97 lines (65 loc) · 3.7 KB

Crosslingual Neural Vector Conceptualization (NVC)

Applying NVC to aligned word vectors of English and Chinese.

Accompanying code for the paper:

@inproceedings{raithel_cross_nvc_2019,
  title = {Crosslingual Neural Vector Conceptualization},
  booktitle = {NLPCC Workshop on Explainable Artificial Intelligence},
  author = {Raithel, Lisa and Schwarzenberg, Robert},
  year = {2019}
  }

Installation

Create and activate an environment with Python 3.6.

conda create --name CNVC python=3.6
source activate CNVC

After cloning the repository, install the requirements.

pip install -r requirements.txt

Data

Word Vectors:

The current underlying word vectors were learned with the fastText model [2]. Please download the pre-trained word vectors for English and Chinese (or any other second language for that matter) to the data directory:

wget -P ~/cross_nvc/src/data/ "https://dl.fbaipublicfiles.com/fasttext/vectors-aligned/wiki.en.align.vec"
wget -P ~/cross_nvc/src/data/ "https://dl.fbaipublicfiles.com/fasttext/vectors-aligned/wiki.zh.align.vec"

Microsoft Concept Graph

For using the Microsoft Concept Graph (MCG) data from scratch, please download the data here:

wget -P ~/cross_nvc/src/data/ "https://concept.research.microsoft.com/Home/StartDownload"

The MCG data dump does only comprise concepts, instances and associated counts, no probabilities or REP values. These need to be calculated before training.
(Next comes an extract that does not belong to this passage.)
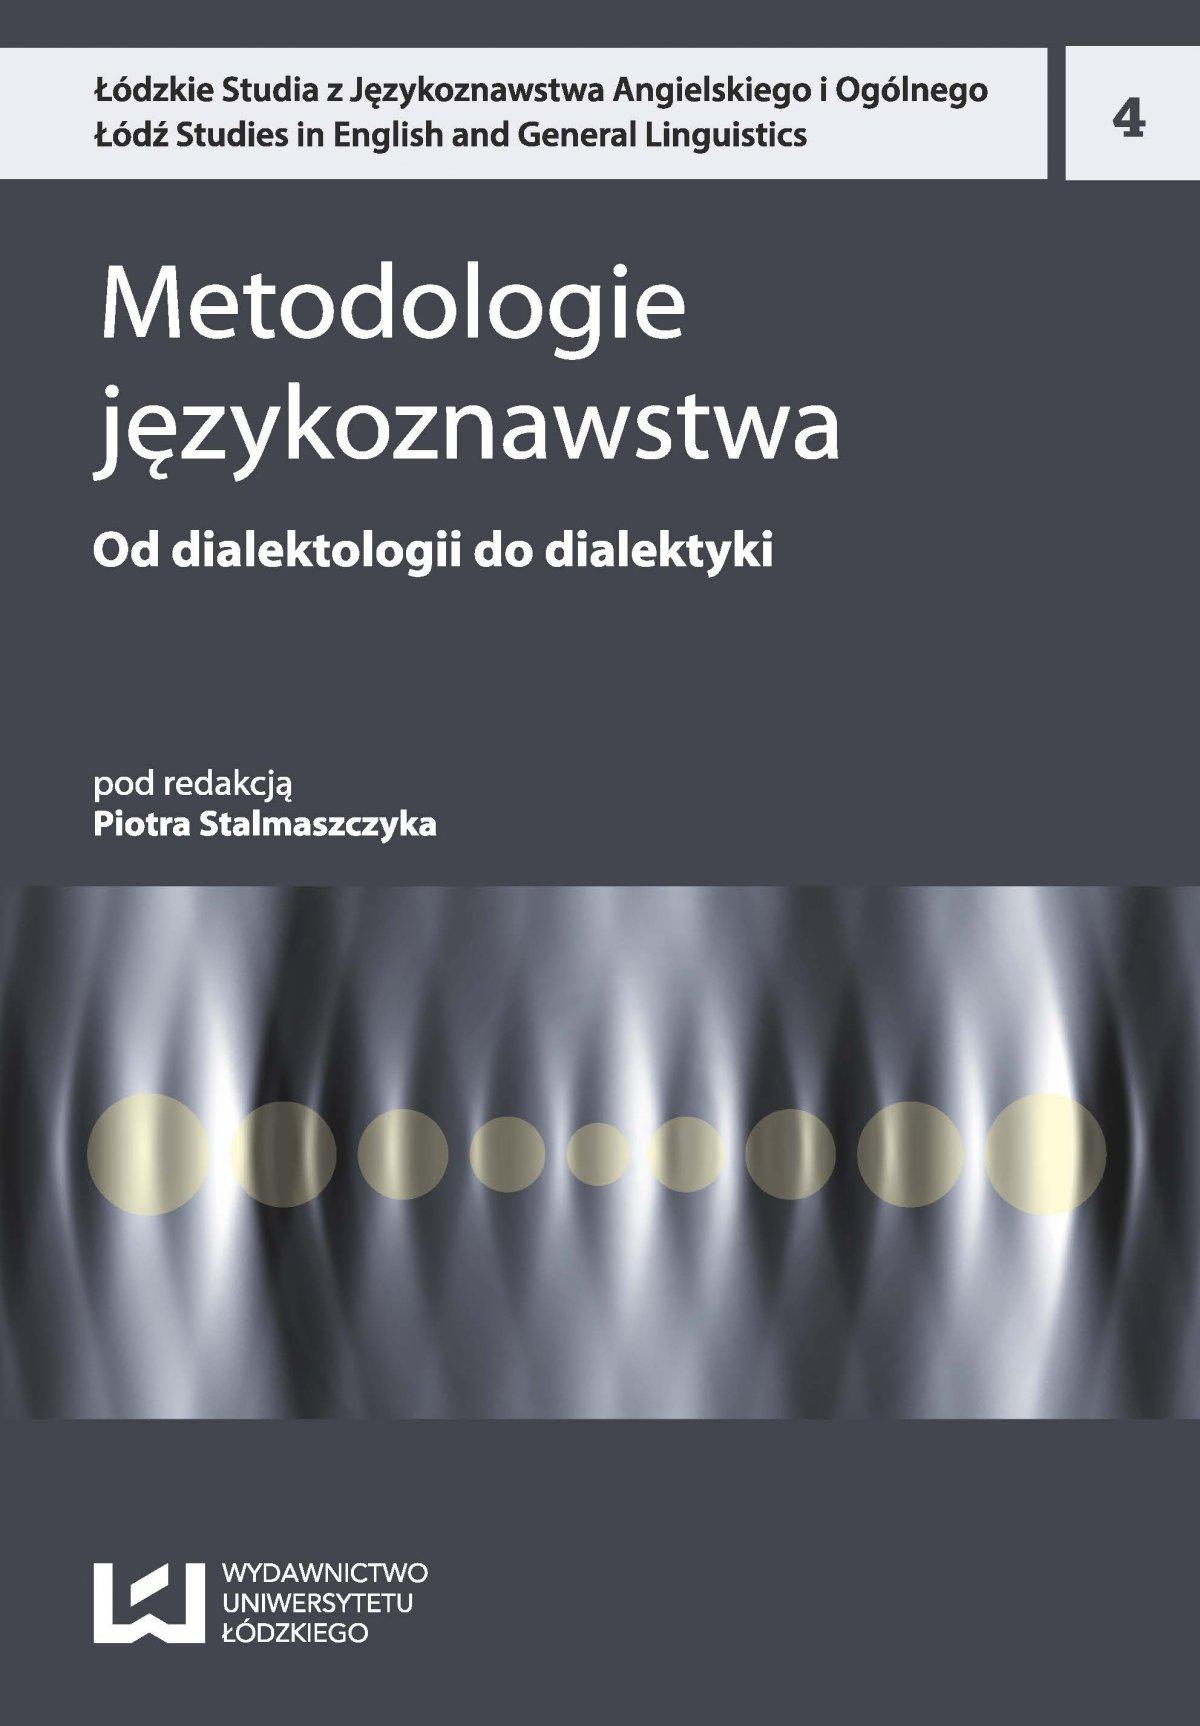 Metodologie językoznawstwa 4. Od dialektologii do dialektyki - Ebook (Książka PDF) do pobrania w formacie PDF

Therefore, see the script utils/ms_concept_graph_scoring.py in the notebook which calculates all needed probabilities and writes the data to a TSV file.

This takes some time, therefore we recommend to download the already preprocessed data from here and unzip into

./src/data/

This dump includes

  • the data from the MCG as TSV file with REP values (data-concept-instance-relations-with-rep.tsv)
  • a JSON file of the same data, but filtered for instances that also occur in the fastText vocabulary (raw_data_dict_fasttext_maxlenFalse.json)
  • the filtered data including only concepts that have at least 100 instance with a REP > -10 (filtered_data_i100_v-10_fasttext_maxlenFalse)
  • Chinese translations of the English test dataset (translations_aligned)
  • the test set on which we reported the scores in the paper (test_set.csv)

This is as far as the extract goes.